Reputation: 13571
I have a pandas Series with the following content.
$ import pandas as pd
$ filter = pd.Series(
data = [True, False, True, True],
index = ['A', 'B', 'C', 'D']
)
$ filter.index.name = 'my_id'
$ print(filter)
my_id
A True
B False
C True
D True
dtype: bool
and a DataFrame like this.
$ df = pd.DataFrame({
'A': [1, 2, 9, 4],
'B': [9, 6, 7, 8],
'C': [10, 91, 32, 13],
'D': [43, 12, 7, 9],
'E': [65, 12, 3, 8]
})
$ print(df)
A B C D E
0 1 9 10 43 65
1 2 6 91 12 12
2 9 7 32 7 3
3 4 8 13 9 8
filter
has A
, B
, C
, and D
as its indices. df
has A
, B
, C
, D
, and E
as it column names.
True
in filter
means that the corresponding column in df
will be preserved. False
in filter
means that the corresponding column in df
will be removed. Column E
in df
should be removed because filter
doesn't contain E
.
How can I generate another DataFrame with column B
, and E
removed using filter
?
I mean I want to create the following DataFrame using filter
and df
.
A C D
0 1 10 43
1 2 91 12
2 9 32 7
3 4 13 9
df.loc[:, filter]
generates the following error.
Traceback (most recent call last):
File "<stdin>", line 1, in <module>
File "/Users/username/anaconda3/lib/python3.7/site-packages/pandas/core/indexing.py", line 1494, in __getitem__
return self._getitem_tuple(key)
File "/Users/username/anaconda3/lib/python3.7/site-packages/pandas/core/indexing.py", line 888, in _getitem_tuple
retval = getattr(retval, self.name)._getitem_axis(key, axis=i)

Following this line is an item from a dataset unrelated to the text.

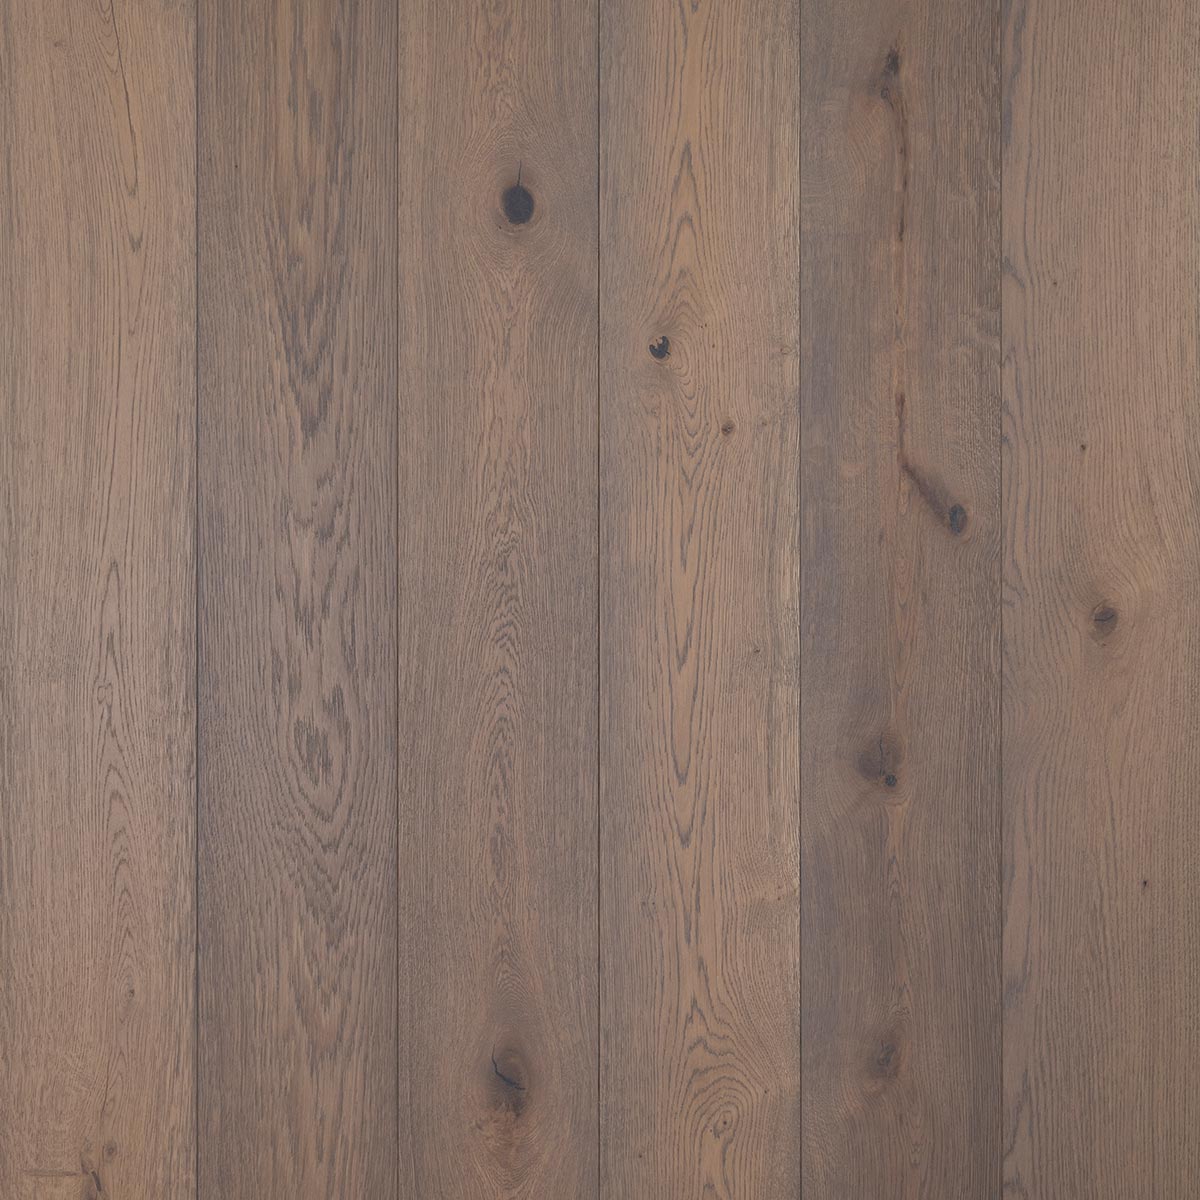 Multiply oak wood flooring named Cambridge Smoke

File "/Users/username/anaconda3/lib/python3.7/site-packages/pandas/core/indexing.py", line 1869, in _getitem_axis
return self._getbool_axis(key, axis=axis)
File "/Users/username/anaconda3/lib/python3.7/site-packages/pandas/core/indexing.py", line 1515, in _getbool_axis
key = check_bool_indexer(labels, key)
File "/Users/username/anaconda3/lib/python3.7/site-packages/pandas/core/indexing.py", line 2486, in check_bool_indexer
raise IndexingError('Unalignable boolean Series provided as '
pandas.core.indexing.IndexingError: Unalignable boolean Series provided as indexer (index of the boolean Series and of the indexed object do not match
df.loc[:, filter]
works if df
doesn't contain column E
.
The real length of the DataFrame (len(df.columns)
) I encountered in my case contains about 2000 columns. And the length of the Series (len(filter)
) is about 1999. This makes me difficult to determine which elements are in df
but not in filter
.
Upvotes: 1
Views: 2712
Reputation: 1076
This should give you what you need:
df.loc[:, filter[filter].index]
Explanation: You select the rows in filter
which contain True
and take their index
labels to pick the columns from df
.
You cannot use the boolean values in filter
directly because it contains fewer values than there are columns in df
.
Upvotes: 2